[guardian-dev] Blackphone

Lee Azzarello lee at guardianproject.info
Thu Jan 16 11:59:05 EST 2014

While GP sponsored the development of ostel.co as a public service, it
is currently sponsored and maintained by Open Hosting, a commercial
cloud hosting service of which I am a partner. It is open, well
documented and free. User location data is centralized for the domain
ostel.co only. Given these facts, I don't agree that the line has been

While there has been a bandwagon of "USA bad, Iceland good" as an
argument to define which nation du-jour is best to build real Internet
infrastructure, the ground level commitment to implement of that
infrastructure for services beyond passive proxying (for example, Tor
relays) has been weak. Thus far all the individuals and organizations
I've worked with to help stand up their own secure VoIP service have
been behind NAT routers on home connections with consumer level ISPs.

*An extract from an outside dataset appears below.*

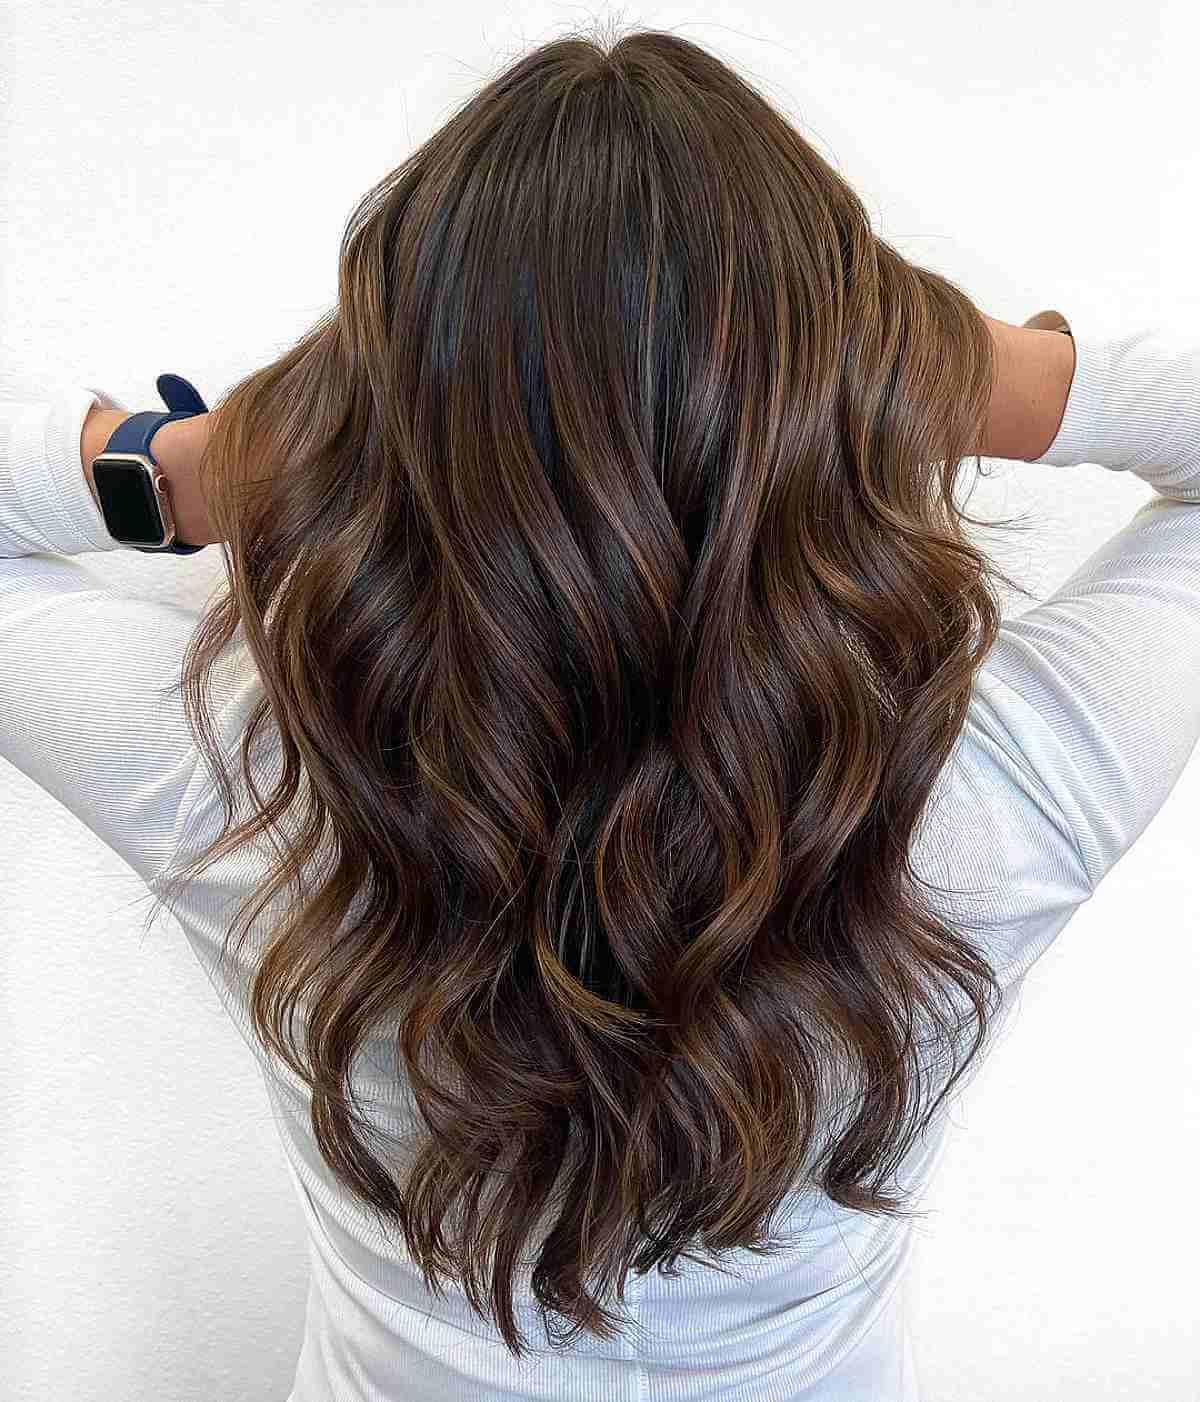 Details more than 80 cocoa hair color super hot

I believe this is due to the difference between the partners of a
retail cloud hosting company building infrastructure and offering that
as a free service and a customer of a retail cloud hosting company
doing the same thing. Building a business for cloud hosting is easier
than it ever has been, though it still requires a non-trivial capital
investment in wholesale bandwidth via a global ISP, a lease with
colocation facilities to deliver that bandwidth and physical hardware
to be purchased, racked and stacked in said facility. This is the
primary business concern of a hosting company, rather than building
applications that run on top of that infrastructure.

Anyone interested in contributing to a federated infrastructure for
realtime communications, (VoIP, IM, video chat) could get an account
with a real hosting provider anywhere in the world, with a static IP
on the public Internet and build out their own backend. Until then,
the big application providers (Google, Skype, Facebook) will continue
to own our data both in transit and at rest.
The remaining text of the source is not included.